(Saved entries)
--- START ---

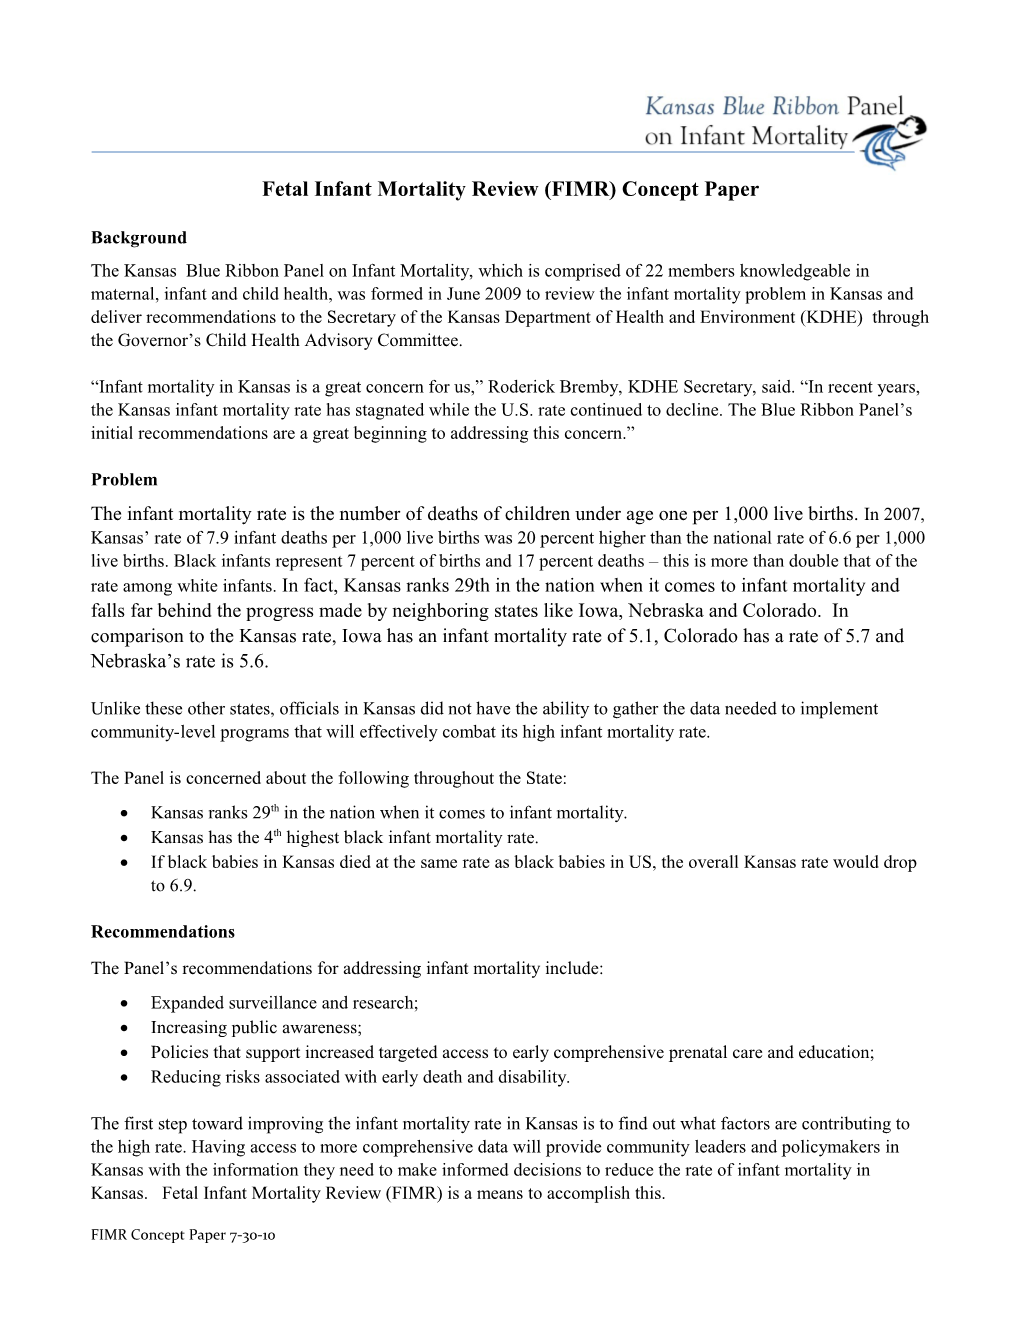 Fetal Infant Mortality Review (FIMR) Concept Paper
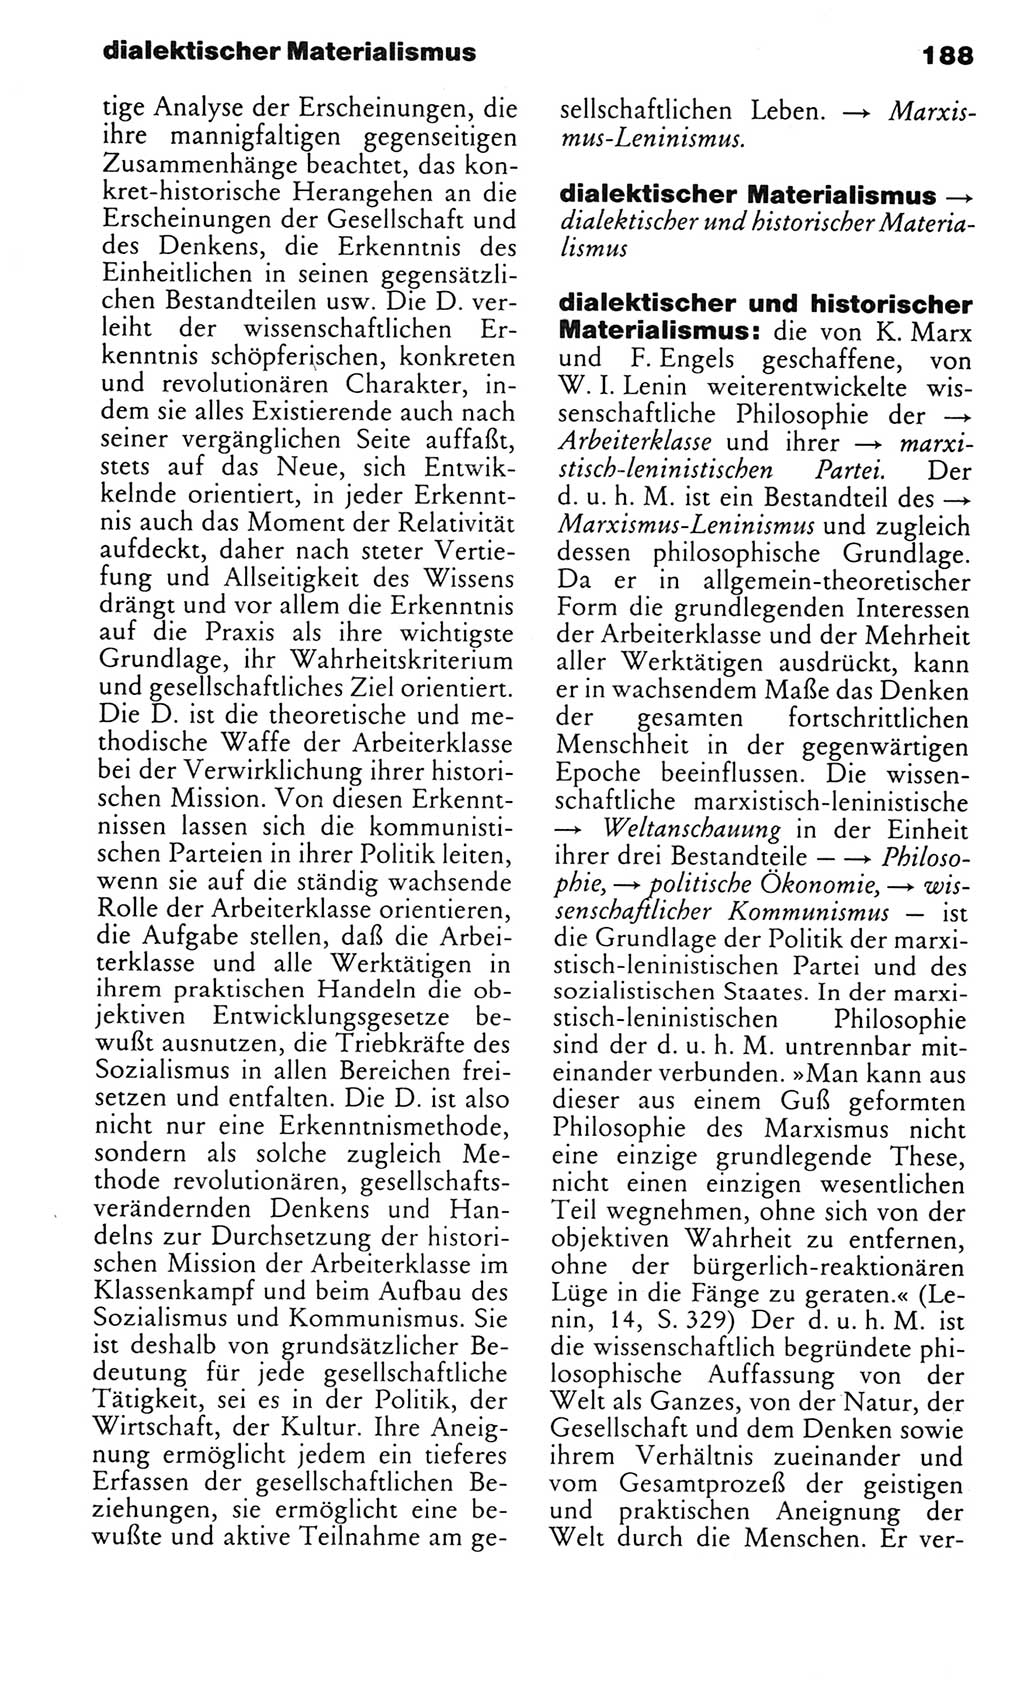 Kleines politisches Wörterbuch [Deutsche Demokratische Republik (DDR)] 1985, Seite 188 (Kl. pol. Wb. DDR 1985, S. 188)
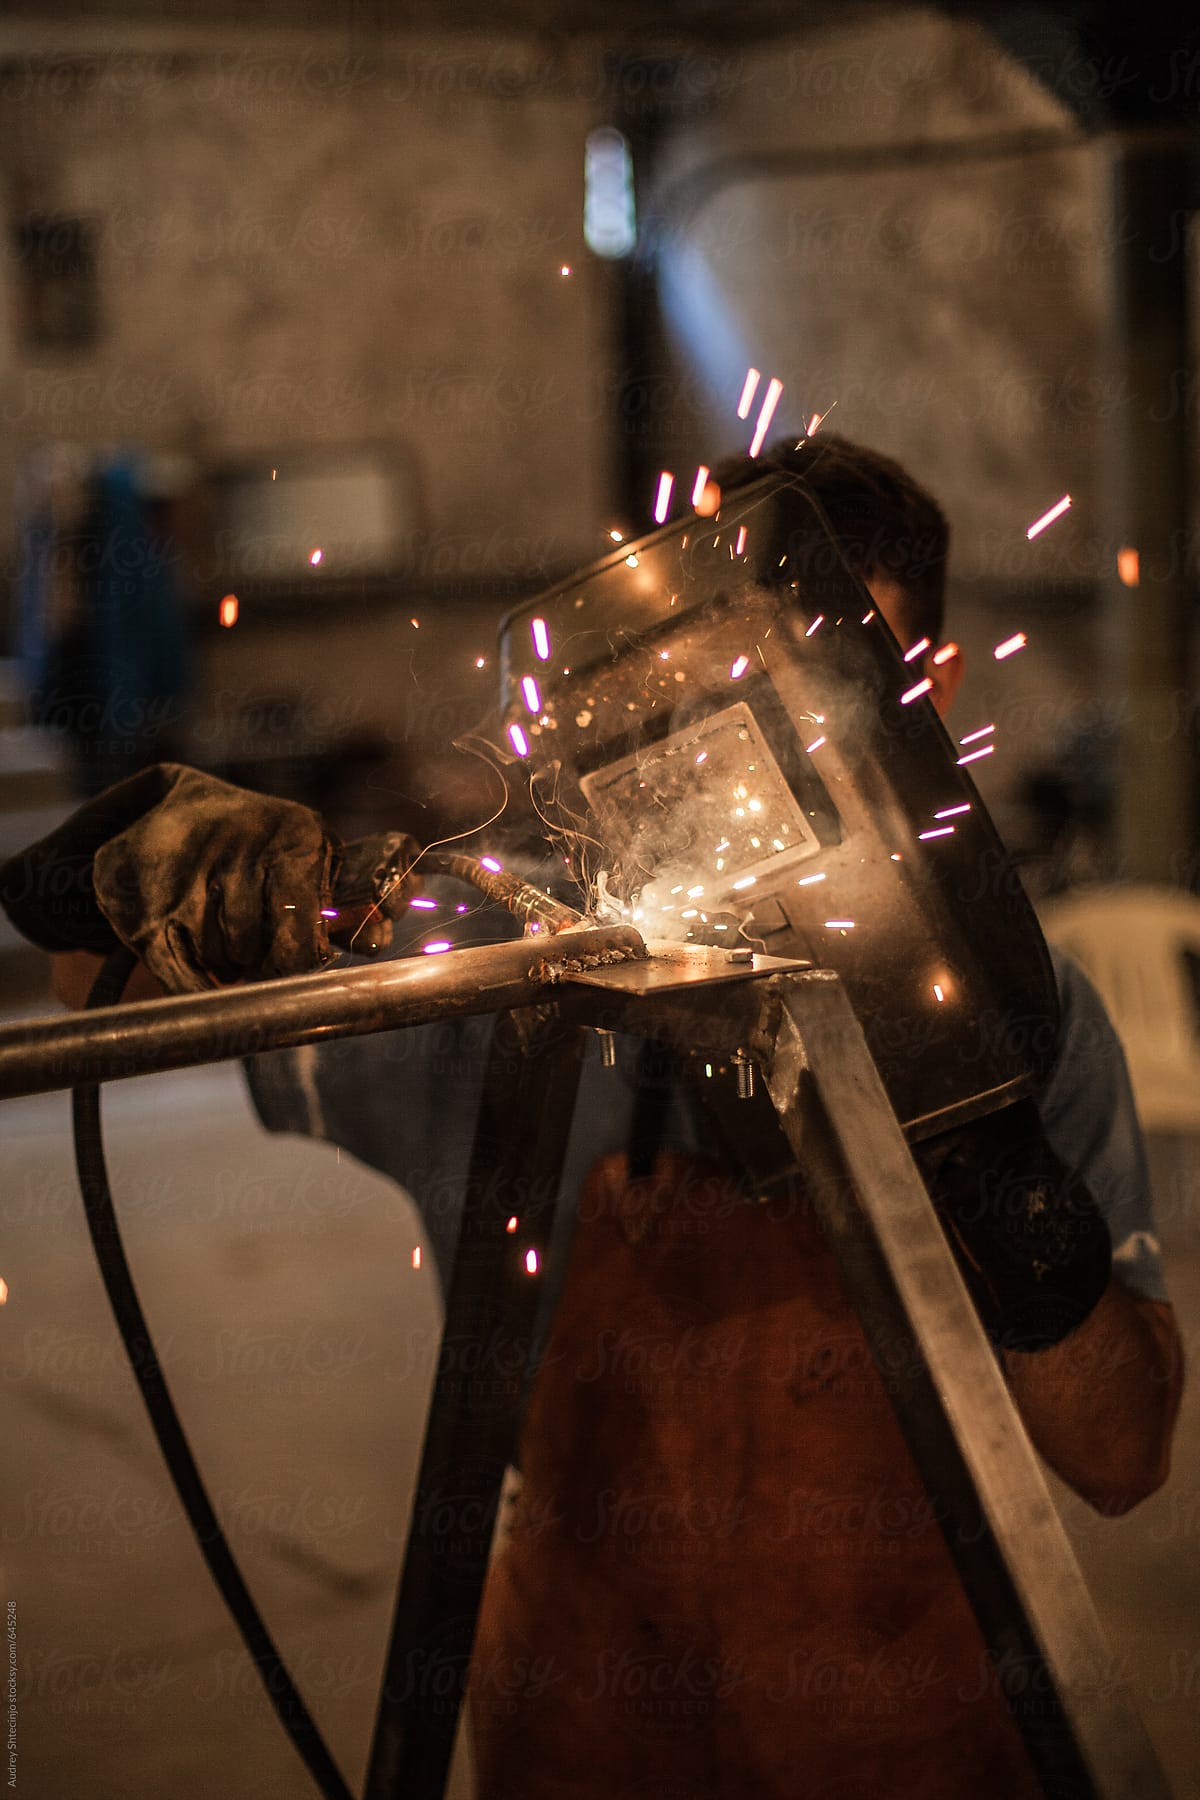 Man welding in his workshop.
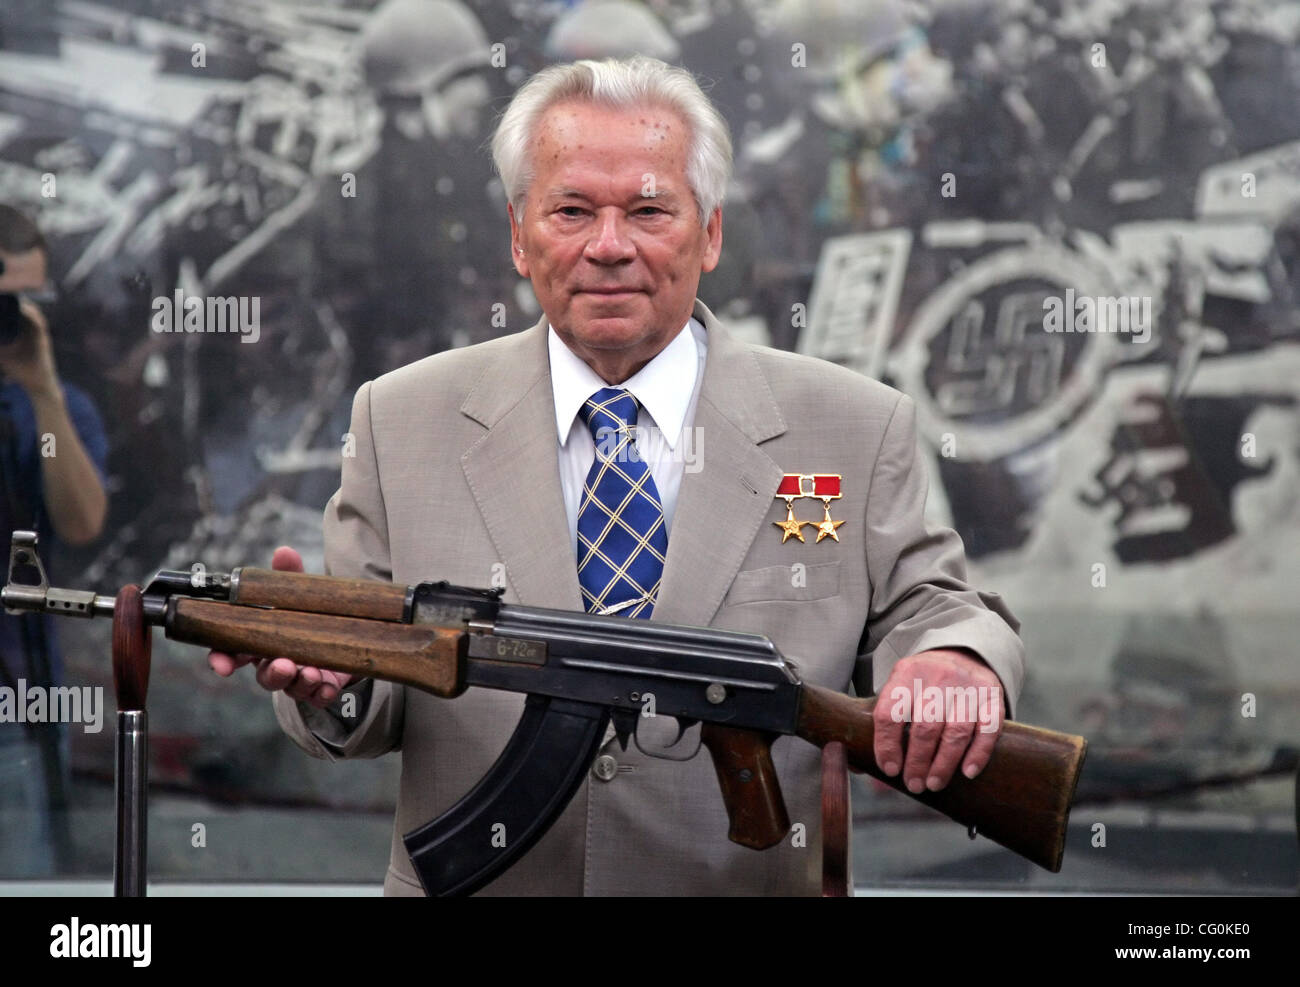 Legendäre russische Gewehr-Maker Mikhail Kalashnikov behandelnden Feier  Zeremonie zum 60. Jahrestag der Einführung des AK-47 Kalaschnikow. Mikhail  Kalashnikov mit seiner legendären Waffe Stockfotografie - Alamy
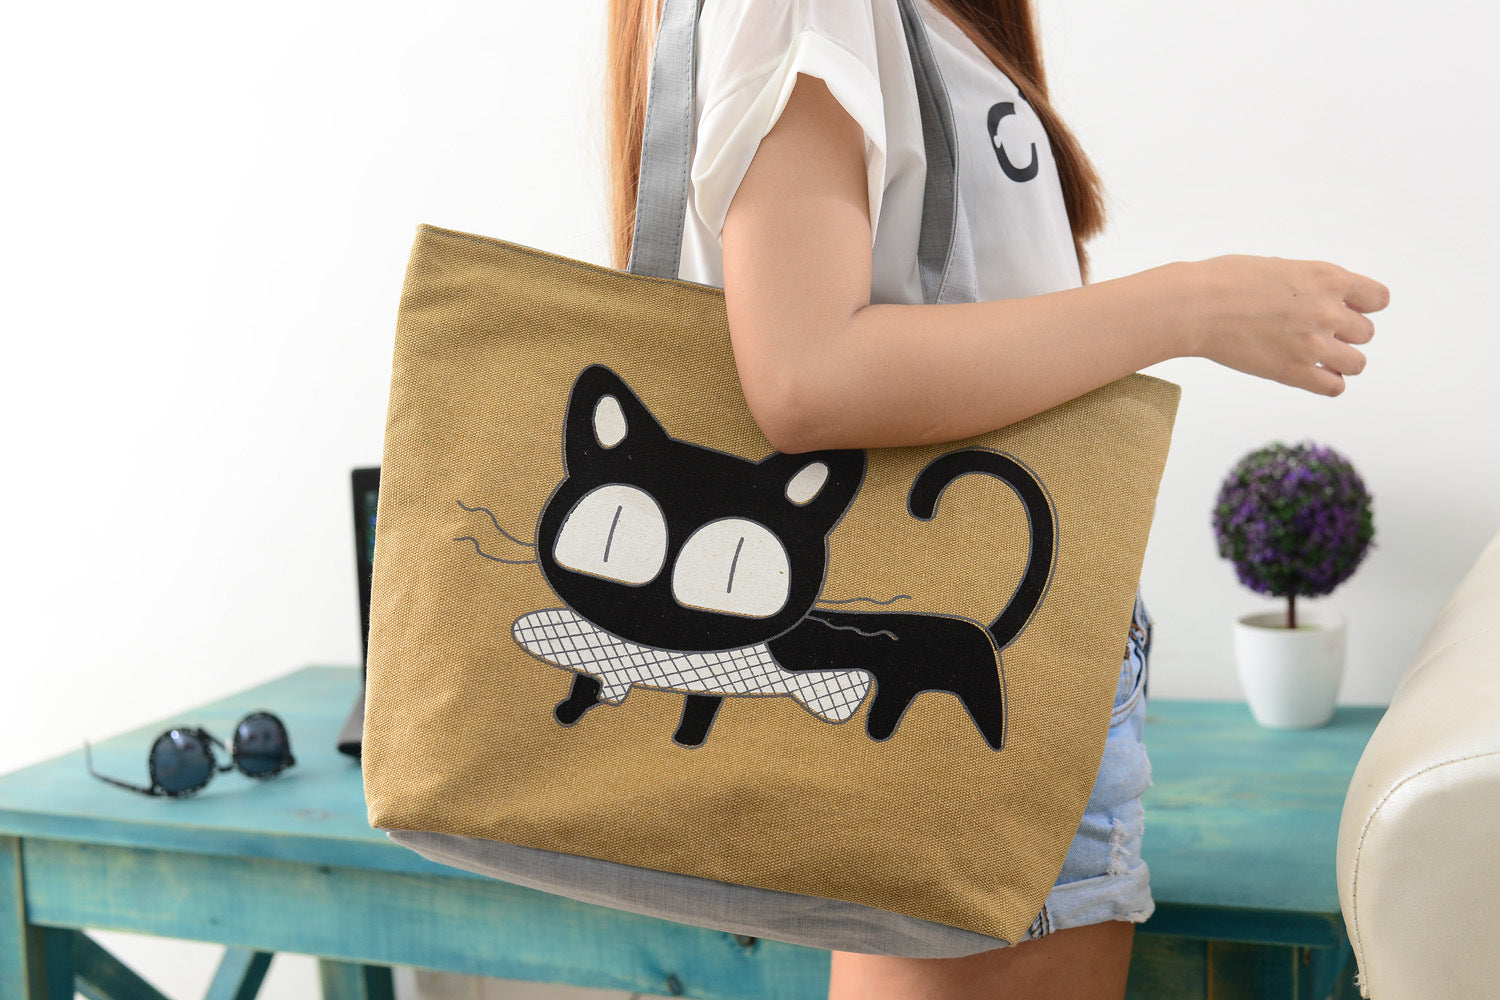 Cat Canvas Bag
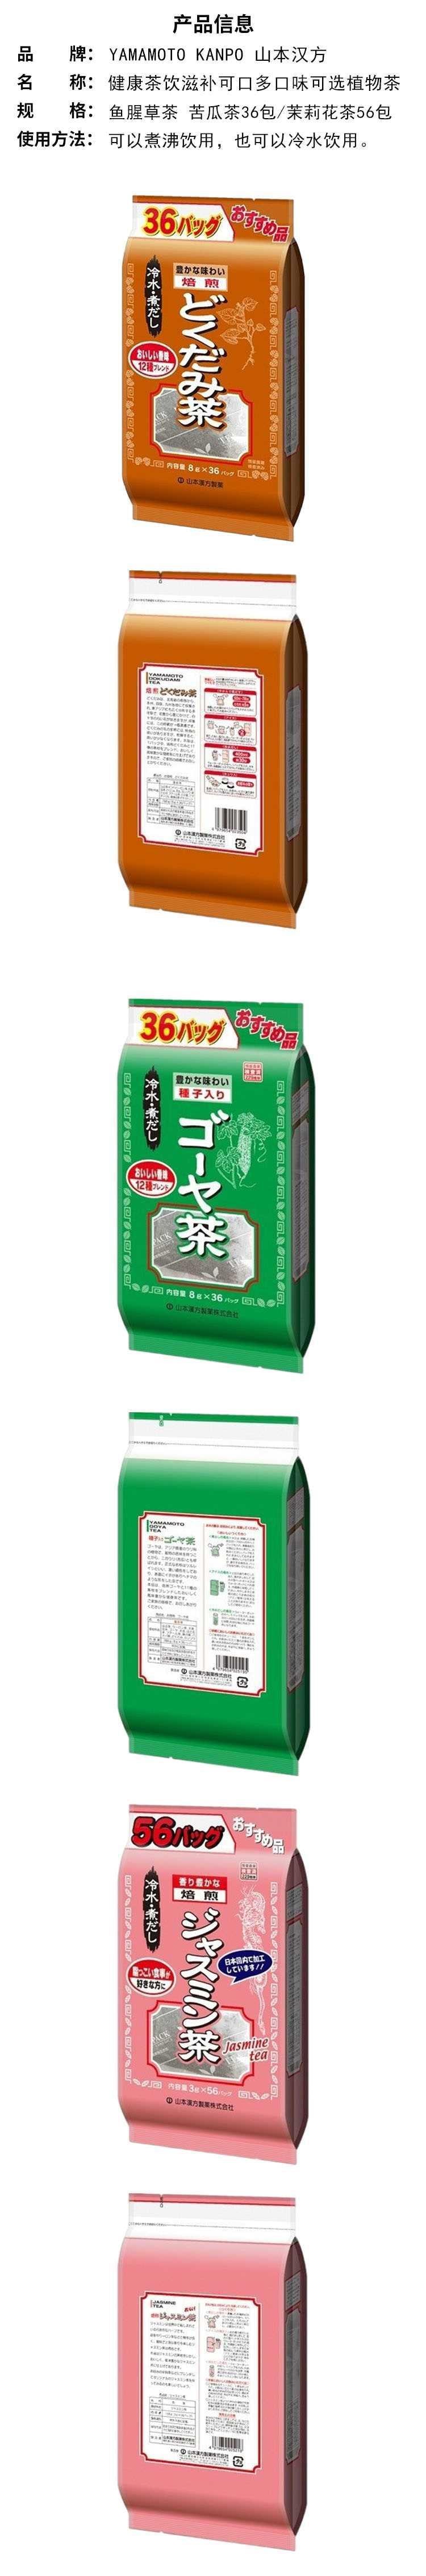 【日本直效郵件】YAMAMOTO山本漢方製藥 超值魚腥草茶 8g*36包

--- END ---

ASSIGNMENT — Apart from the pictures, all of the data must be duplicated exactly as shown above.

SOLUTION —
 Fetal Infant Mortality Review (FIMR) Concept Paper
 Kleines politisches Wörterbuch [Deutsche Demokratische Republik (DDR)] 1985, Seite 188 (Kl. pol. Wb. DDR 1985, S. 188)
 Man welding in his workshop.
 Legendäre russische Gewehr-Maker Mikhail Kalashnikov behandelnden Feier  Zeremonie zum 60. Jahrestag der Einführung des AK-47 Kalaschnikow. Mikhail  Kalashnikov mit seiner legendären Waffe Stockfotografie - Alamy
 Cat Canvas Bag
 【日本直效郵件】YAMAMOTO山本漢方製藥 超值魚腥草茶 8g*36包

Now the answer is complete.